I guess so. I do not believe that they are on the same order of magnitude simply because Netware is designed to play a greater role than hosting ERP systems and what-not. Netware is also still being sold today, so they would have long surpassed the installed base of OpenVMS anyway especially considering that mainframe sales are much more low volume/high markup than file/print/application servers are.
Even if OpenVMS had the same amount of market share it’s not apples-to-apples anyway since many Netware servers are going to be exposed to more attacks since they are more likely to be accessible via the Net (especially with remote services like Webaccess and iFolder)
eDirectory is more licensed than any other directory, run by high-profile sites like CNN and Yahoo. I can’t recall any alerts with regards to eDirectory (i’m not saying there haven’t been any)
I guess so. I do not believe that they are on the same order of magnitude simply because Netware is designed to play a greater role than hosting ERP systems and what-not. Netware is also still being sold today, so they would have long surpassed the installed base of OpenVMS anyway especially considering that mainframe sales are much more low volume/high markup than file/print/application servers are.
OpenVMS is still being sold too, what’s your point?
And actually, many of the OpenVMS systems I’ve come into contact with are just as exposed to the internet as your Netware machines. (They run a database and web front-end.)
OpenVMS doesn’t run on mainframes, please get your facts straight, it runs on Vaxen (obsolete but still out in the wild minicomputers), Alpha’s (workstation/server grade PC-style computers), and work is being done an Itanium port.
Im not really sure what the relevance of comparing OpenVMS to Netware is, but I know Netware has an install base somewhere around 5 million. As far as being exposed to the internet, Netware is exposed using market leading open source technologies such as Apache and Tomcat while being secured with Edirectory, PKI, RSA etc.
The only problem with netware is the $.
It is really good, but it costs money.
I wonder why so many people keeps ranting against each other’s OS while I wish I could see, test, use, tweak, squeeze and have them all !
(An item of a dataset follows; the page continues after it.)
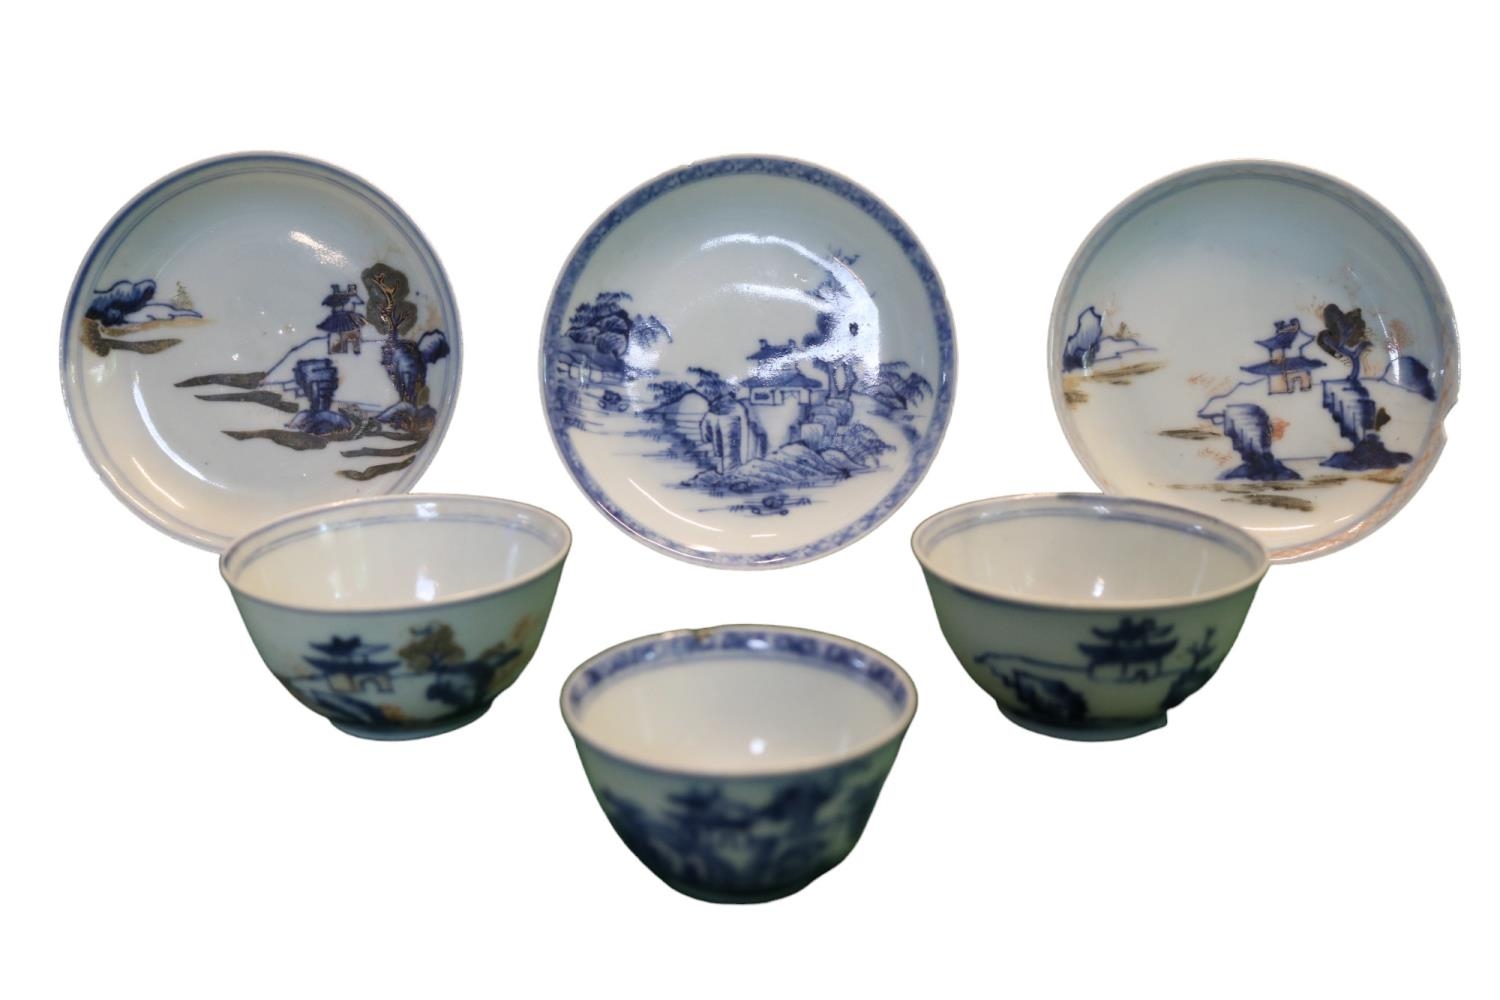 Collection of 18thC Nanking Cargo 1752 Tea bowls and Saucers recovered by Captain Michael Hatcher in

I understand it’s a “networking layer.” It provides “management services and consolidation.” Maybe it’s just me, but I don’t understand all those crazy buzzwords and whatnot. What exactly does netware and zenworks do? My father’s office uses it to share a bunch of accounting applications over his network, but from what i can tell — it just replaces windows’ native file sharing junk. I don’t see it’s purpose at all..
Strictly speaking, Netware shares files, printers, etc. ZENWorks is remote administration for PCs. Install software, change settings, etc. As well as remote desktop control.
It doesn’t really do anything you can’t do with Linux, but you’d have to write a bunch of custom scripts and open up automatic ssh access to do it all.
You are comparing OpenVMS to NetWare? The similarities are? OpenVMS is a GREAT OS and it definately has its place, if only HP would decide to stop ignoring it (not likely however.)
First of all, NetWare is more like a platform than an OS. It has a bunch of services that are absolutely great, but all of them are written by Novell. Third party applications are very specialized, only recently did they support Apache – did I mention it doesn’t even have true pre-emption (good for well written applications, bad for crappy ones).
I love their new filesystem and its abilities and they have a great printing system. NSS is a fully journaling and highly competant FS with B-Trees and great caching algorithms. Very fast at servicing files, with an excellent security attribute system tied into a central directory, eDirectory.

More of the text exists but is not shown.